There’s also a fundamental difference between pattern matching and understanding. Our chef understands why certain flavors work together—they’ve tasted thousands of combinations and developed intuition. An LLM has learned statistical patterns about which words tend to appear together, but it doesn’t have the embodied understanding that comes from experience.

This doesn’t make LLMs useless—far from it. It just means they’re best used as tools that amplify human capabilities, not as replacements for human judgment. An LLM is excellent at brainstorming, explaining concepts, writing drafts, and exploring ideas. It’s less reliable when you need absolute truth or when the stakes of being wrong are high.

Conclusion: The Power of Patterns

So, how do Large Language Models work? They’re like super-skilled chefs who have read a billion cookbooks, learned the deep patterns of how ingredients, techniques, and cuisines relate to each other, and can now create entirely new dishes by drawing on that learned knowledge.

They don’t memorize. They pattern-match. They don’t understand in the human sense. They predict based on statistical relationships. They don’t know truth. They know coherence.

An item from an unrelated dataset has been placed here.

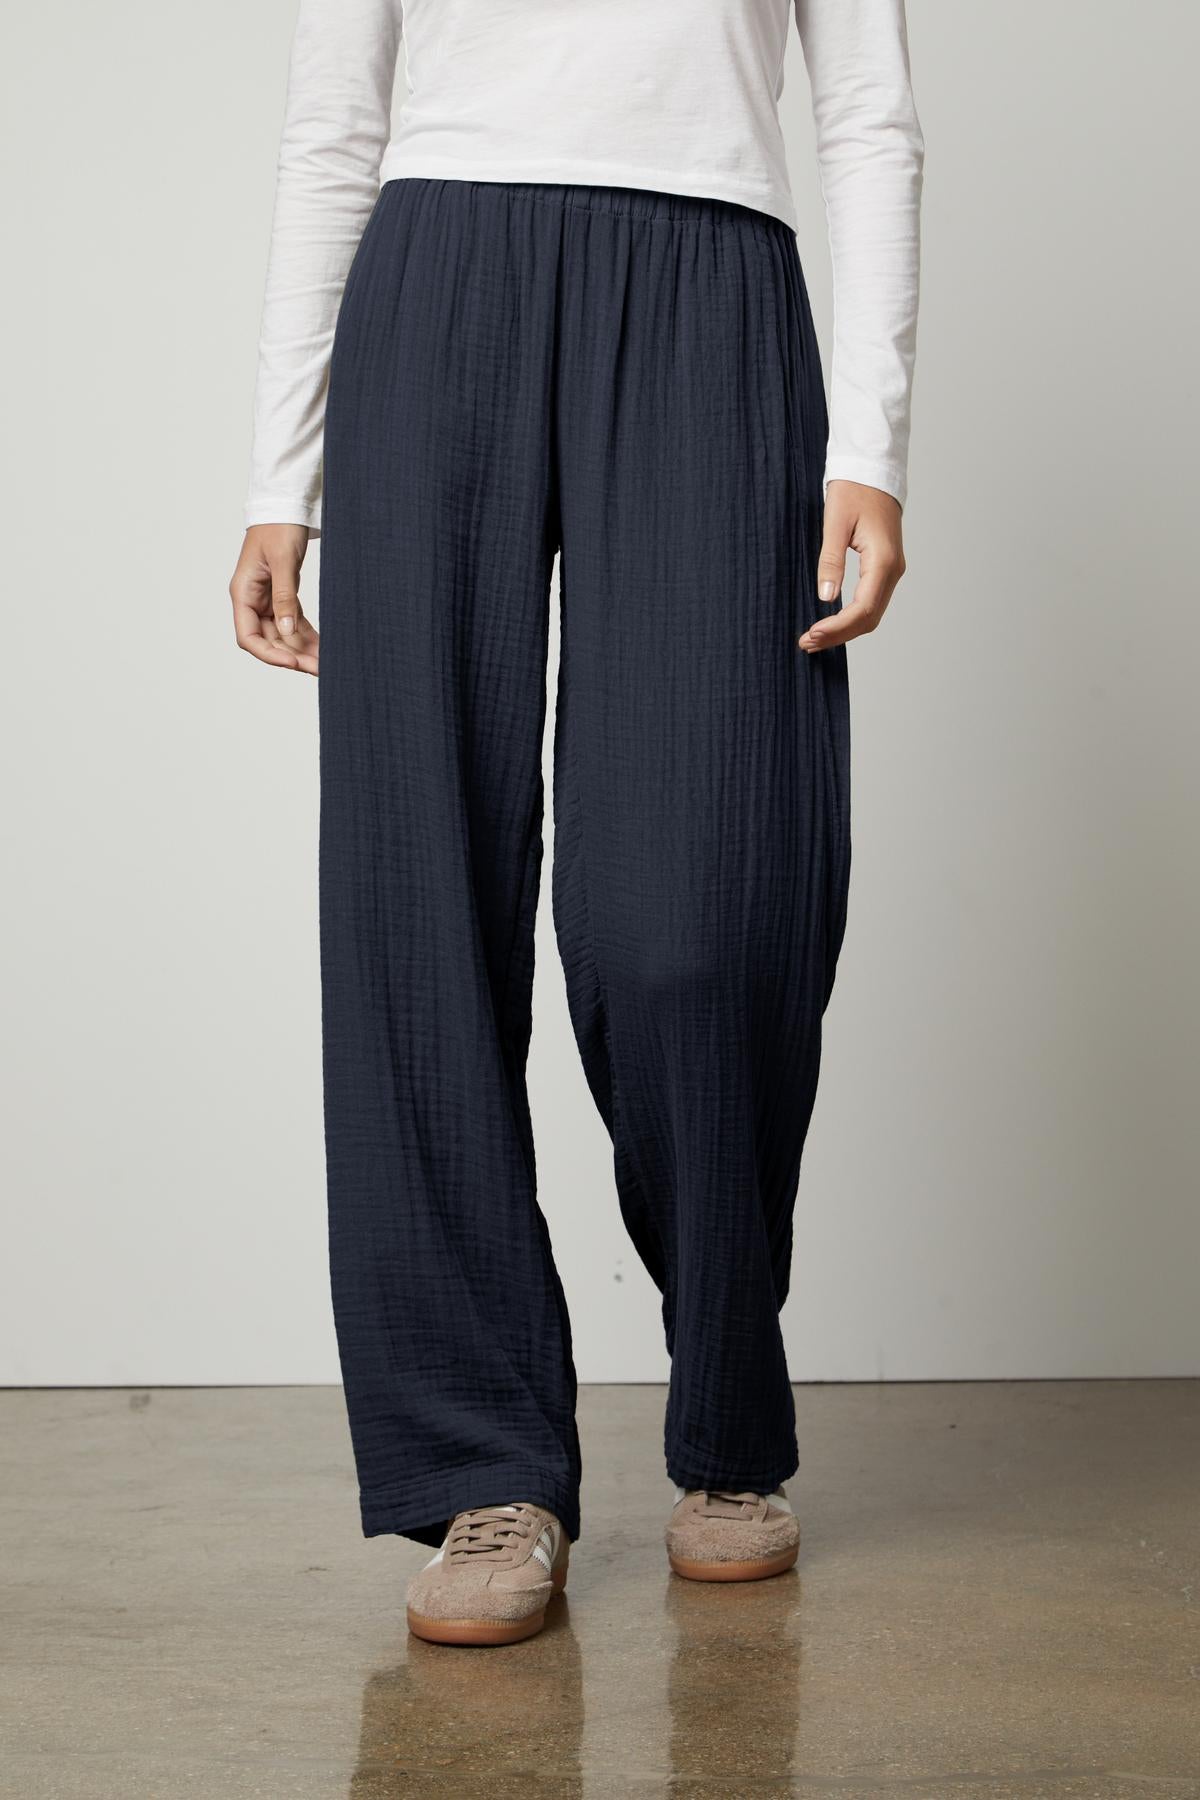   Woman standing in the Velvet by Graham & Spencer JERRY COTTON GAUZE PANT with an elastic waistband and white top, with hands slightly touching the pockets, paired with brown shoes.

And yet, from these seemingly simple principles emerges something remarkable: a system that can engage in conversation, answer questions, write essays, explain complex concepts, and help us think through problems. The chef may have never tasted food, but they can still create something delicious.

Understanding this chef analogy gives us insight into both the power and the limitations of modern AI. It explains why LLMs are so good at certain tasks (anything involving pattern recognition and coherent generation) and why they struggle with others (anything requiring grounded truth or genuine understanding). It demystifies the “magic” of AI and reveals that underneath is something more prosaic, yet in its own way, more wondrous: the power of learning patterns from vast amounts of data.

The next time you interact with an LLM, remember: you’re not talking to a computer that “knows” things. You’re collaborating with a sophisticated pattern-recognition engine that has learned to generate human-like text by absorbing the patterns of human communication. And that, perhaps, is remarkable enough.